Stories from Directors

A Visit to Haiti and Fonkoze by Edward Haley

Haitian women

Haiti and its people are so beautiful and so poor that spending time with them breaks a visitor's heart and takes away the ability to put thoughts and feelings in perspective. Since we returned from Haiti, I have been trying to find a frame for our experiences. I'm still trying.

With the kind assistance of members of Fonkoze, a micro-finance organization started in 1995 by Father Joseph Philippe and directed by Anne Hastings, Elaine and I spent five days, in Haiti, January 13-17, 2009, traveling from Port au Prince, the capital, to Mibale and Boukan Kare in the central plateau and Fondwa in the southwest. I went in my capacity as Director of the Center for Human Rights Leadership at Claremont McKenna College, seeking to establish a connection between the Center and Fonkoze, as part of the Center's efforts to establish links with effective human rights organizations. Elaine traveled with me at our personal expense. We came away deeply moved by what we saw and profoundly impressed by the achievements of Fonkoze. Since its founding Fonkoze has grown into an organization with a national reach, amassing 50,000 depositors and thousands of Ti Marchans, small traders, 99% of whom are women, a traditional role for women in Haiti. In addition to spending several hours with Anne Hastings and traveling with three members of her staff for four days, we talked at length with Father Joseph who has launched a new initiative, aimed at creating a university geared to the needs of the majority of Haiti's people, most of whom are impoverished farmers. I've attached some pictures along with these impressions of our stay.

Haiti is strikingly beautiful, despite the most severe environmental degradation, partly the result of cutting and burning trees for charcoal, the sole fuel for cooking for millions of Haitians. Hillsides and mountains everywhere have been stripped of trees, leaving their stone ribs painfully evident, as gaunt and stricken as many of the farm animals one sees in the fields and alongside the roads.

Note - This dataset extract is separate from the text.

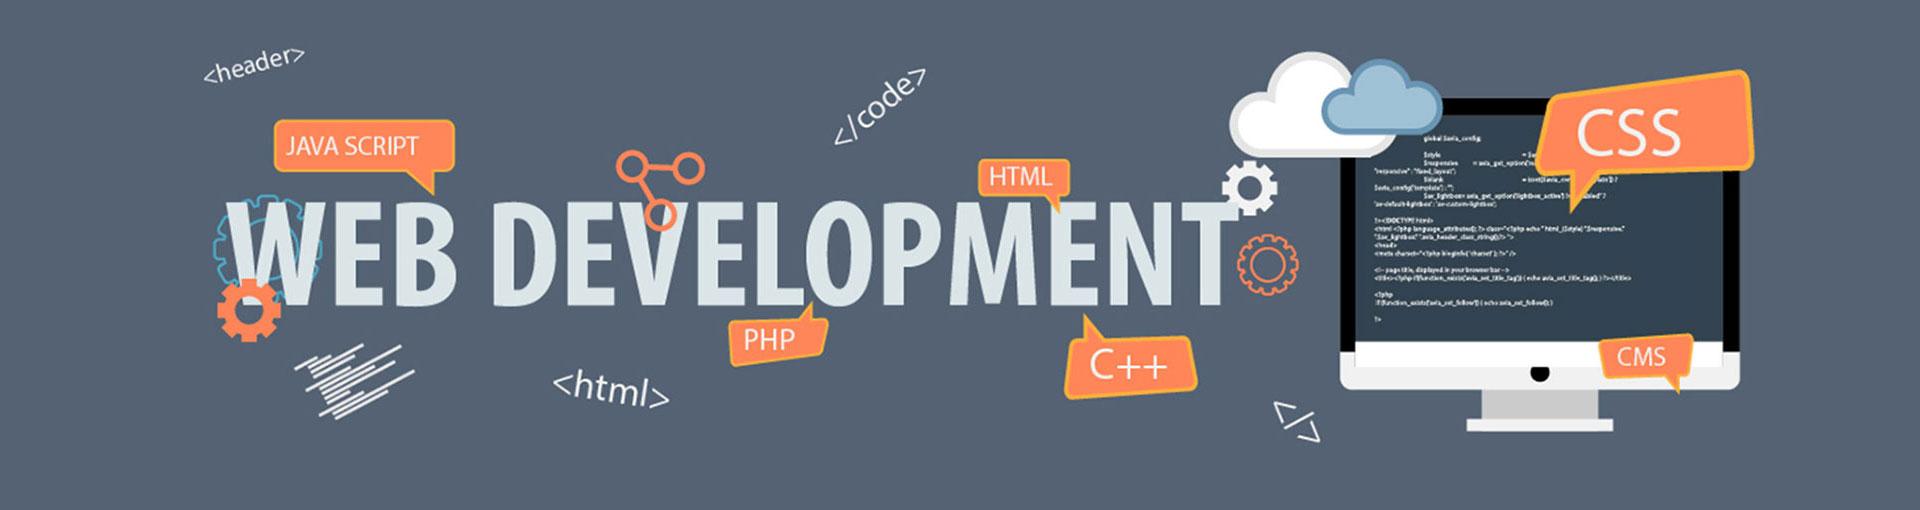 Website Development Company India, Web Development Services |

Even so, there are places, such as the central plateau, where the countryside smiles under blue skies and soft, high clouds, where there are fields covered with dark green rows of okra reached by trails that wander through stands of tall millet, sugar cane, and banana trees, a countryside so carefully tended and so filled with sun as to make an American visitor think of the south of France or Tuscany.

Haitian man

But it is the beauty of the people that stay most in the mind. The African origin of the Haitians one sees in the streets and villages shows in the luscious colors of their faces and limbs, every shade from the palest cafe au lait to purple black, and in the grace with which people walk, women and some men carrying an astonishing range of goods on their heads, as little as a book or two and as much as an ice chest or a tall basket filled with layer after layer of vegetables. Haitians come in every imaginable size and shape, but the physique that one remembers is of people who are tall, with square shoulders, big bottoms, and flat faces, the entrancing look of Michelle Obama. It is a shape that one has seen in exaggeration in the wood statues of African deities.

One remembers the people and their poverty, a poverty more severe than anything we had ever seen, a poverty so deep and so punishing that it shortens the lives of Haitians at every age and puts human beings and animals in competition for enough to eat. Haitians are young: the median age is 18; and they don't live very long. Haitians can expect to live to be only 57. Infant mortality in Haiti is 620 deaths/1,000 live births far greater than the 6.3 deaths/1,000 live births in the United States or the 2.75 deaths/1,000 in Sweden. By contrast to Haitians, Americans can expect to live to be 78, and the median age in the United States is 36.

It is impossible to travel far in Haiti before paved roads turn into dirt tracks of holes and ruts that force cars and trucks to a bone jolting crawl that continues past all enduring, or, as in Port au Prince, runs into torrents of water pouring down steep side streets, collecting every form of waste, turning a major boulevard into a shallow lake where filthy water is sprayed by passing cars and small buses (Tap-Taps) onto the goods of ti marchans who have set up for market on the ground for hundreds of meters along the side of the road.

"Does all this water come from a spring or a burst water main?"

"A burst water main. It's been this way for years. No one does anything about it."

All this occurs inside the first half hour after arrival, but one quickly finds that it is repeated endlessly: the beauty of the people and the land and the depth of their poverty, the grinding, jarring, wearing cost of every movement until visitors give in and begin to know the smallest part of what it means to be Haitian.

Thanks to Fonkoze we met dozens of Haitians and saw something else, something precious and full of hope for the future. In the solidarity groups that women form to support one another as they receive small loans from Fonkoze and work to repay them, we saw pride and success shining on the faces of the members. They met us with kisses. They reported that their children were in school, and they sang and laughed. That is the other thing that we remember about our time in Haiti: the laughter of the people, in Fonkoze's meetings, on the street, in tap-taps, passing by, sardonic, sad, or teasing, sometimes just laughter.